Sunday, February 06, 2011

Links & Reviews

- I know where I'll be on the morning of 24 February: the contents of the now-shuttered Boston municipal print shop are going to be auctioned off. Will certainly be fascinating to watch.

- As protests continued to rock Egypt, Bibliotheca Alexandrina director Ismail Serageldin reported that the library was being protected by the city's young people. And in Slate, Simon Schama writes on the necessity of protecting Egypt's cultural heritage.

- The Utica Observer-Dispatch highlights strategies some upstate NY used booksellers are using to adapt to the internet age.

- Kindle Singles rolled out this week, and Husna Haq asks in the CSM if they will "revolutionize reading".
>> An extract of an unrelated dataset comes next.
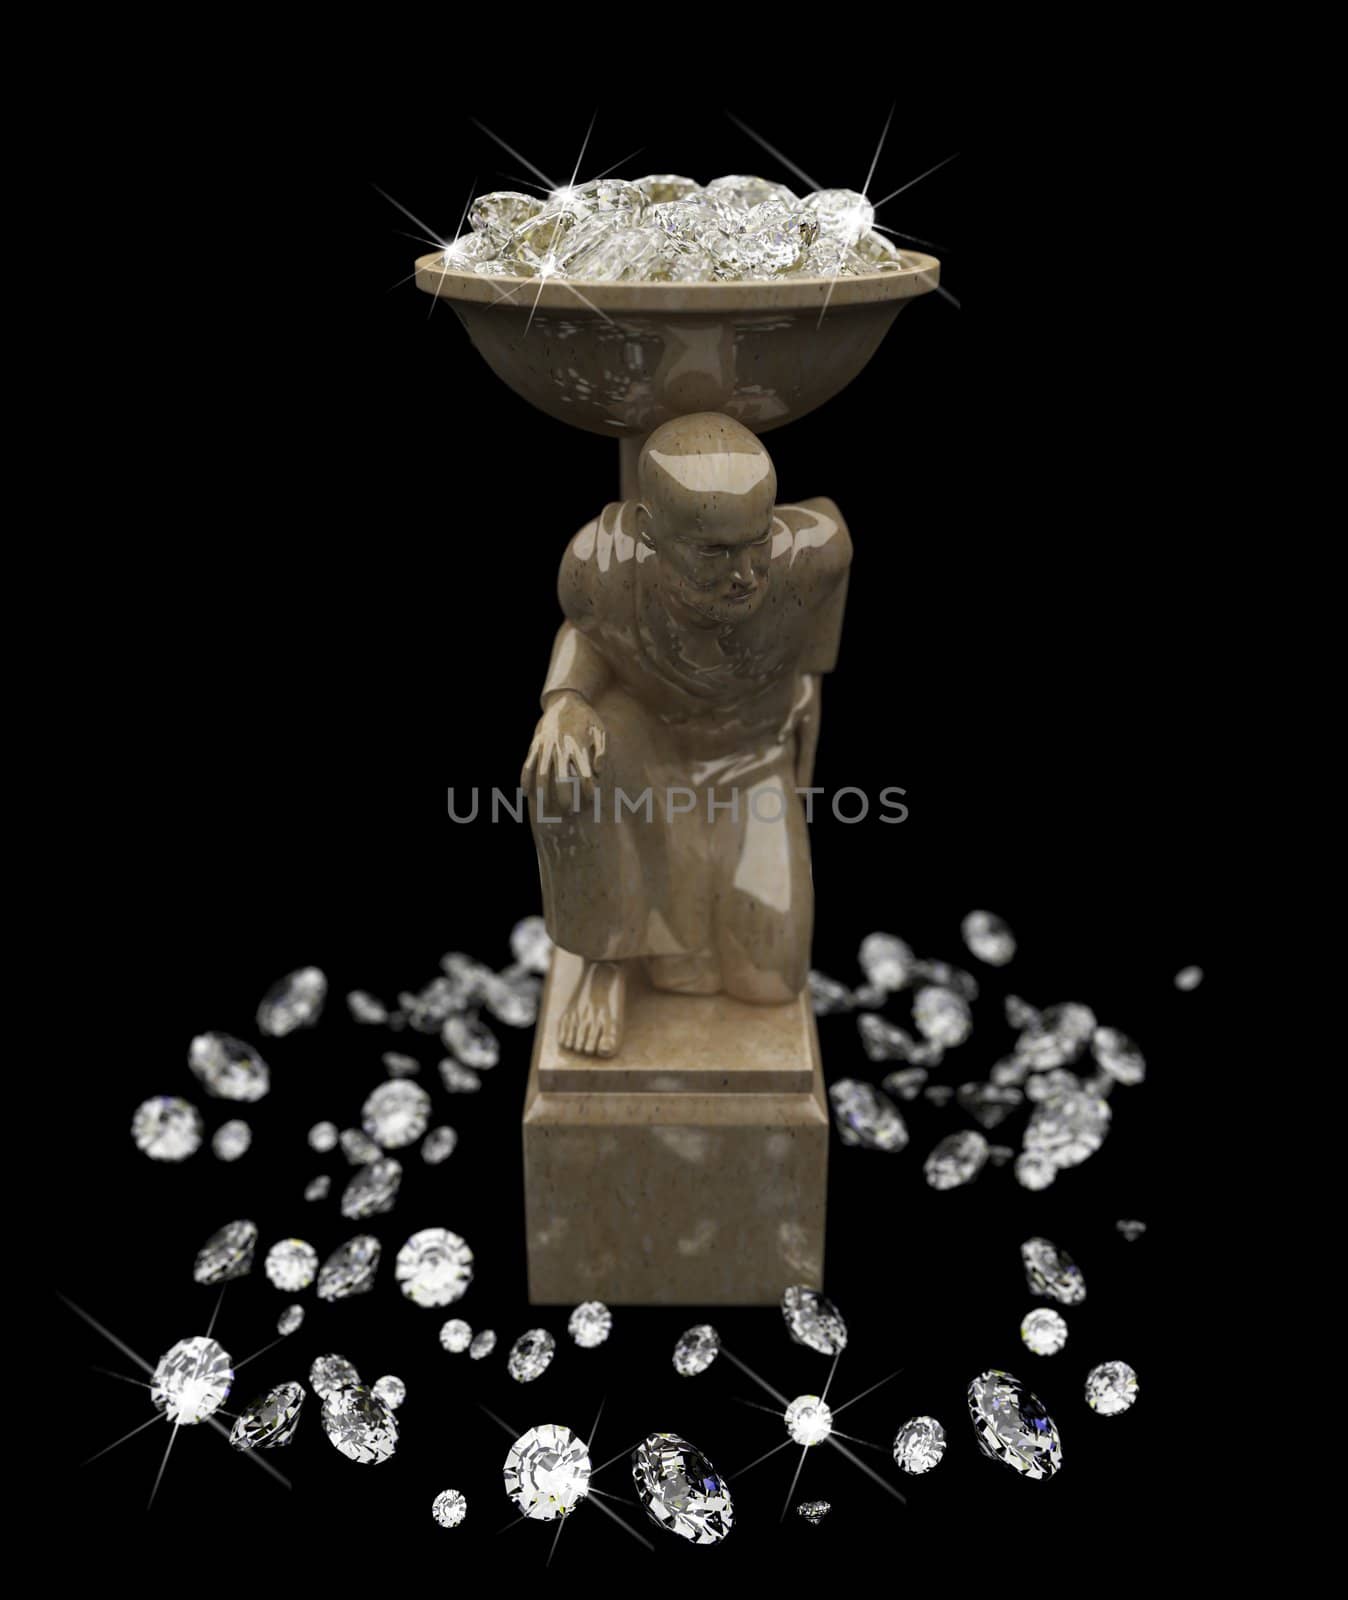 a lot of diamonds and marble statuette made in 3D
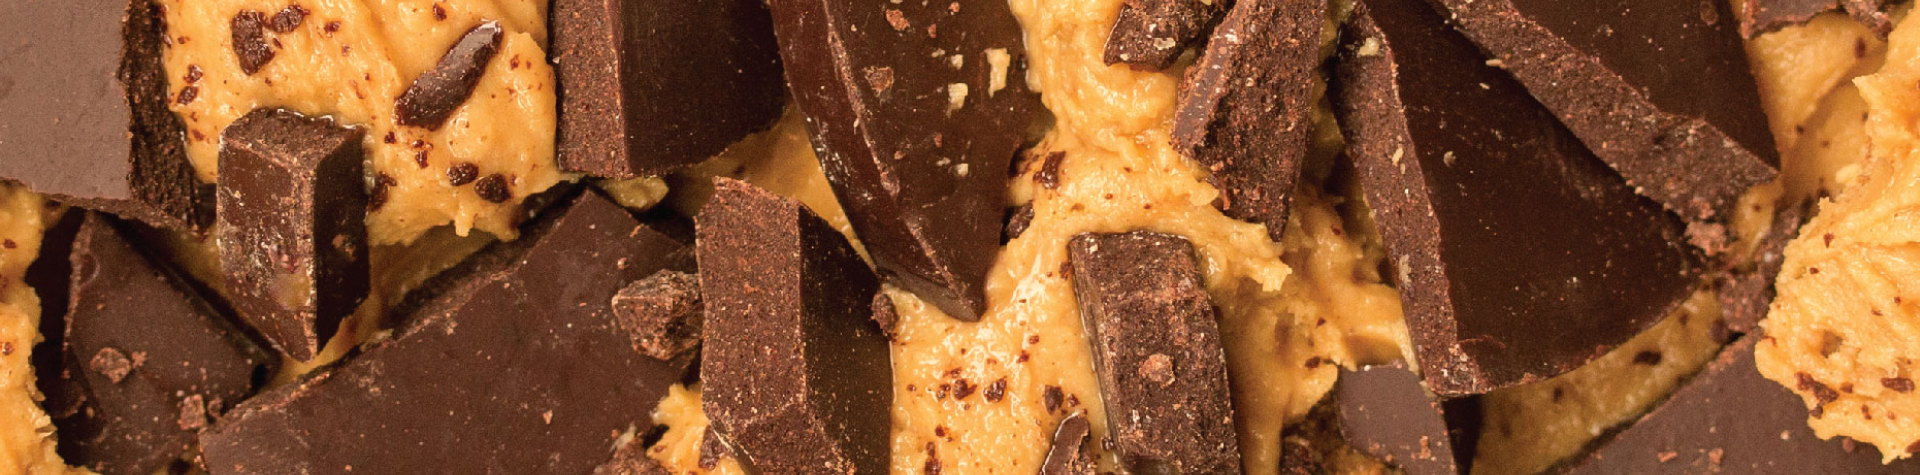 chunks of chocolate in creamy peanut butter

- SkyRiver has responded [PDF] to OCLC's motion to dismiss the anti-trust suit filed against it.

- I honestly don't understand why this story is being hailed as some huge discovery; was there any question that salacious poetry sold well in the 18th century?

- A new auction record for Thomas Malthus' Essay on the Principles of Population (1798) was set at Dominic Winter this week; the copy made £61,100.

- In Lyndhurst, Hampshire, a 65-year-old man has been arrested on suspicion of forging Winston Churchill's signature on books and memorabilia he then sold on eBay.

Review

- Jed Rubenfeld's The Death Instinct; review by Susannah Meadows in the NYTimes.

- Two recent books on the Wars of the Roses; review by Helen Castor in the TLS.